When I use two gpus to train my model, I got RuntimeError below:
Process SpawnProcess-2:
Traceback (most recent call last):
File “/home/ubuntu/anaconda3/envs/pytorch_p36/lib/python3.6/multiprocessing/process.py”, line 258, in _bootstrap
self.run()
File “/home/ubuntu/anaconda3/envs/pytorch_p36/lib/python3.6/multiprocessing/process.py”, line 93, in run
self._target(*self._args, **self._kwargs)
File “/home/ubuntu/ogb/ogb/graphproppred/m.py”, line 190, in run
main(rank, dev_id, args)
File “/home/ubuntu/ogb/ogb/graphproppred/m.py”, line 149, in main
train(args[‘gnn’], model, device, train_loader, criterion, optimizer, args[‘num_devices’], rank)
File “/home/ubuntu/ogb/ogb/graphproppred/m.py”, line 41, in train
optimizer.backward_and_step(loss)
File “/home/ubuntu/ogb/ogb/graphproppred/utils.py”, line 146, in backward_and_step
self._sync_gradient()
File “/home/ubuntu/ogb/ogb/graphproppred/utils.py”, line 127, in _sync_gradient
dist.all_reduce(p.grad.data, op=dist.ReduceOp.SUM)
File “/home/ubuntu/anaconda3/envs/pytorch_p36/lib/python3.6/site-packages/torch/distributed/distributed_c10d.py”, line 902, in all_reduce
work = _default_pg.allreduce([tensor], opts)
RuntimeError: Stop_waiting response is expected
Process SpawnProcess-1:
Traceback (most recent call last):
File “/home/ubuntu/anaconda3/envs/pytorch_p36/lib/python3.6/multiprocessing/process.py”, line 258, in _bootstrap
self.run()
File “/home/ubuntu/anaconda3/envs/pytorch_p36/lib/python3.6/multiprocessing/process.py”, line 93, in run
self._target(*self._args, **self._kwargs)

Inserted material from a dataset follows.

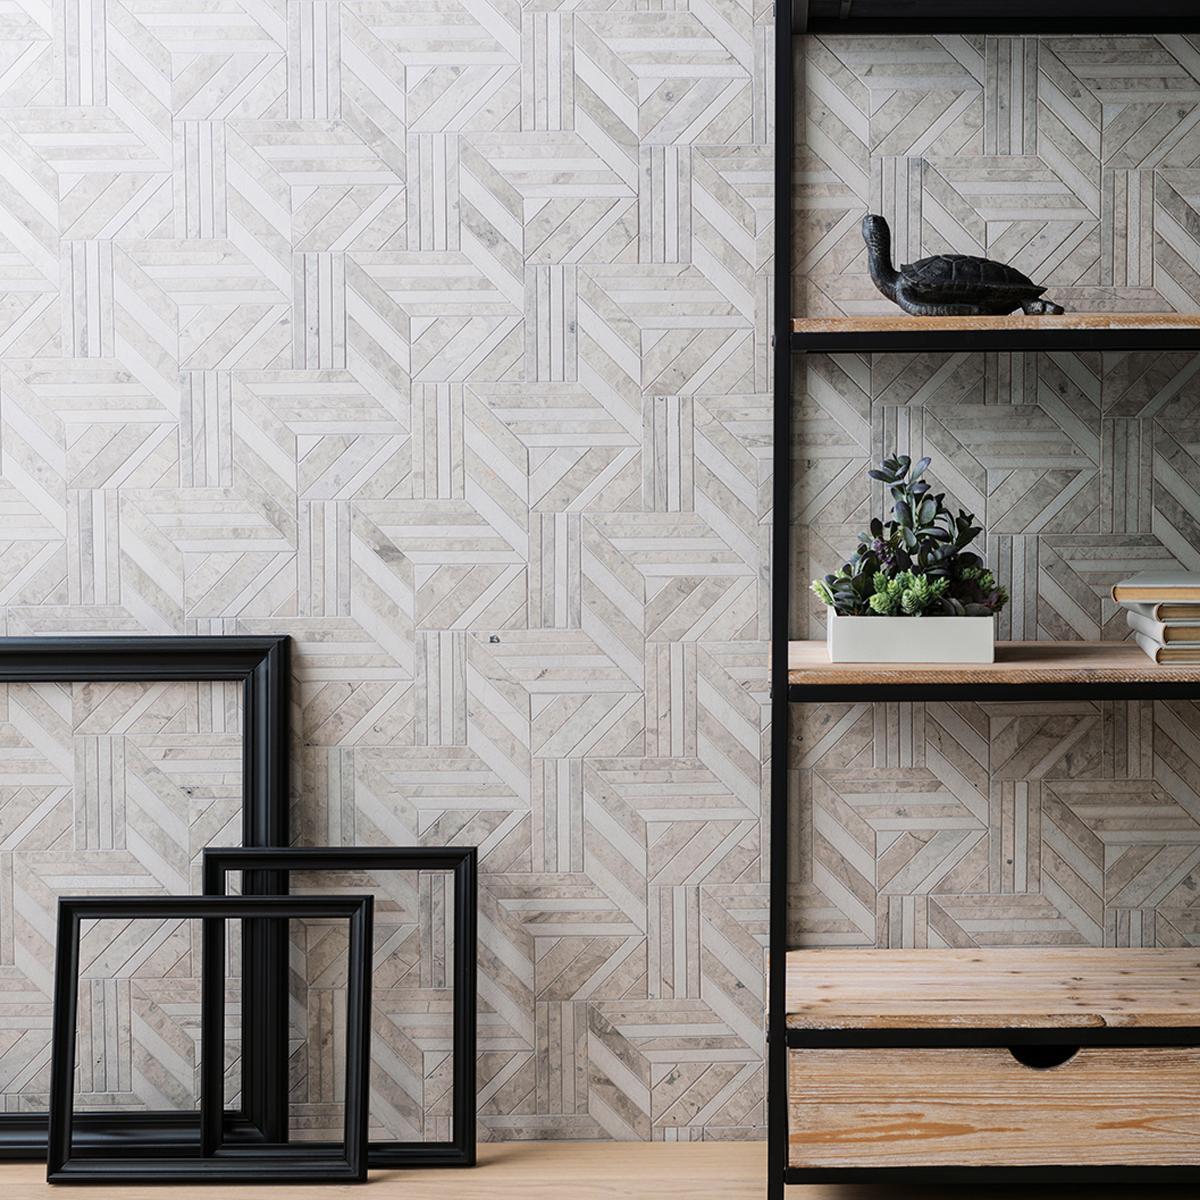 Mosaico Form Gris/Beige Mate - 21X23X1 cm - 1 pza

File “/home/ubuntu/ogb/ogb/graphproppred/m.py”, line 190, in run
main(rank, dev_id, args)
File “/home/ubuntu/ogb/ogb/graphproppred/m.py”, line 149, in main
train(args[‘gnn’], model, device, train_loader, criterion, optimizer, args[‘num_devices’], rank)
File “/home/ubuntu/ogb/ogb/graphproppred/m.py”, line 41, in train
optimizer.backward_and_step(loss)
File “/home/ubuntu/ogb/ogb/graphproppred/utils.py”, line 146, in backward_and_step
self._sync_gradient()
File “/home/ubuntu/ogb/ogb/graphproppred/utils.py”, line 127, in _sync_gradient
dist.all_reduce(p.grad.data, op=dist.ReduceOp.SUM)

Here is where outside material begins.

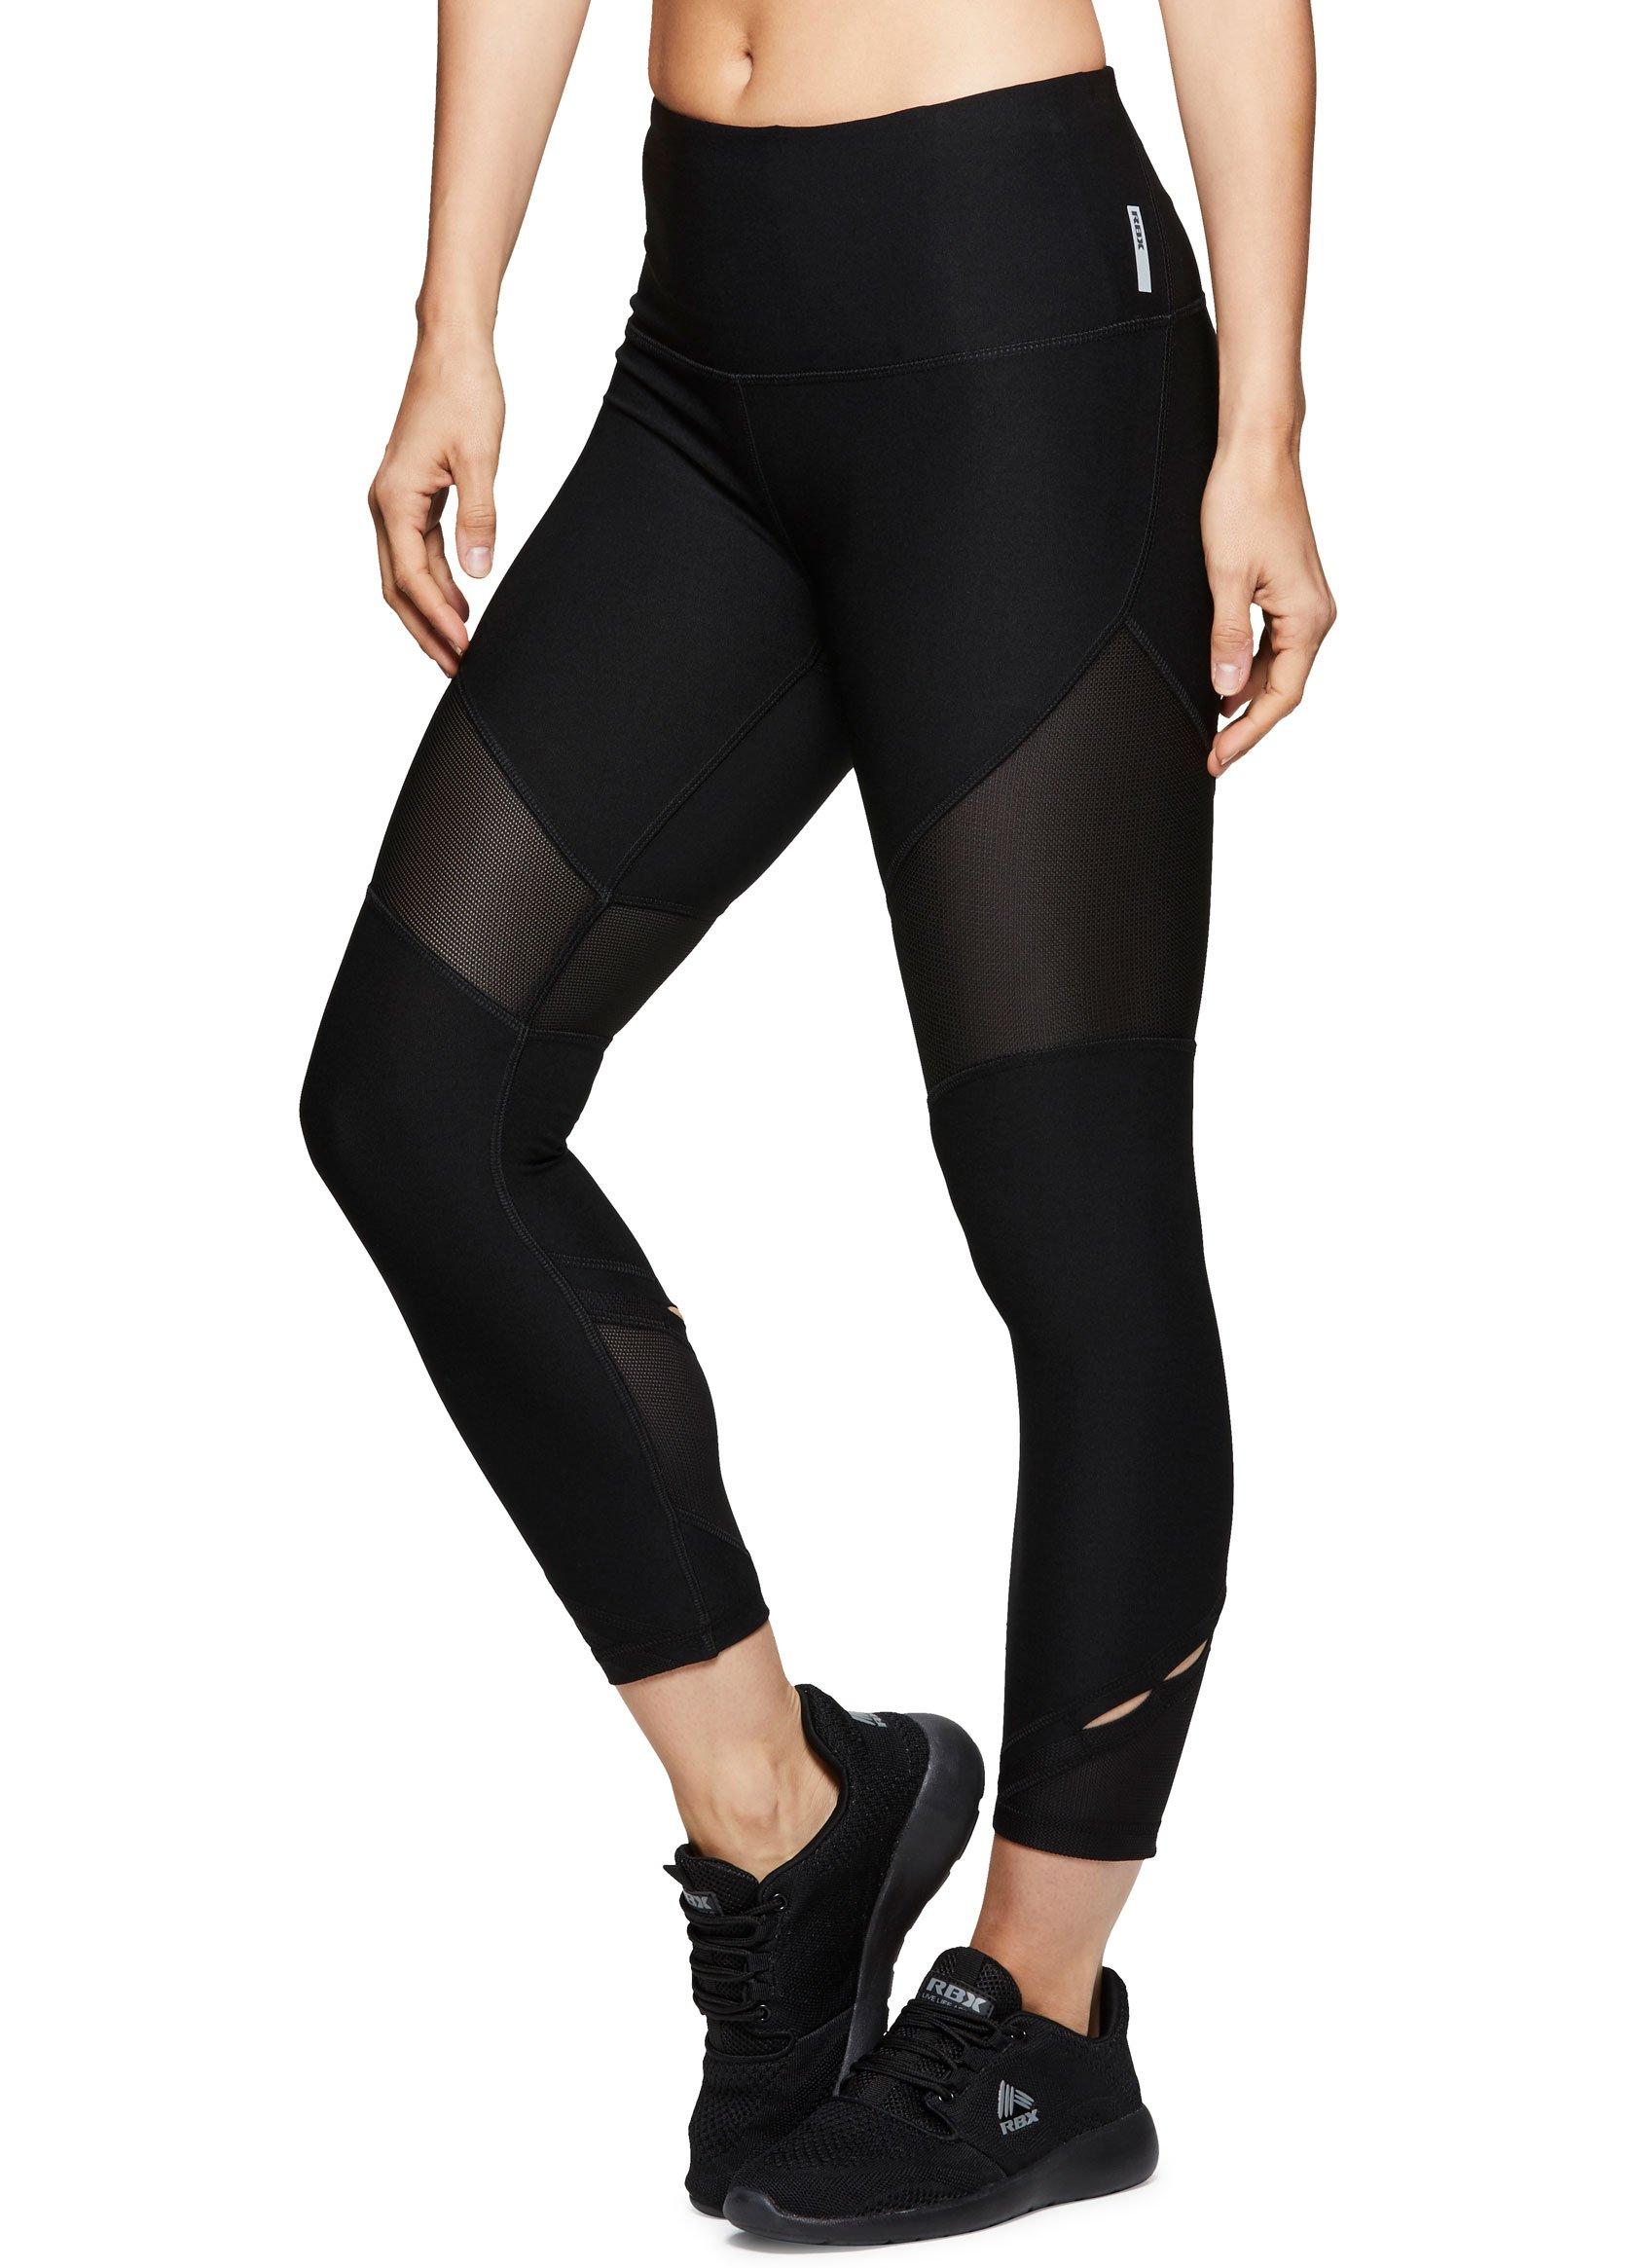 6d673ab6c55d8 Galleon - RBX Active Women's Athletic Workout Yoga Leggings Blackout L

File “/home/ubuntu/anaconda3/envs/pytorch_p36/lib/python3.6/site-packages/torch/distributed/distributed_c10d.py”, line 902, in all_reduce
work = _default_pg.allreduce([tensor], opts)
RuntimeError: Stop_waiting response is expected
Here is the code where the error occurred:
def _sync_gradient(self):
"""Average gradients across all subprocesses."""
for param_group in self.optimizer.param_groups:
for p in param_group['params']:
if p.requires_grad and p.grad is not None:
# print(p.grad.data.shape, p.grad.data.device)
dist.all_reduce(p.grad.data, op=dist.ReduceOp.SUM)
p.grad.data /= self.n_processes
Ps. When I do “print(p.grad.data.shape, p.grad.data.device)”, I find the grads are normal and has the same shape [1,300] on 2 different gpus. So I’m confused why it stopped here.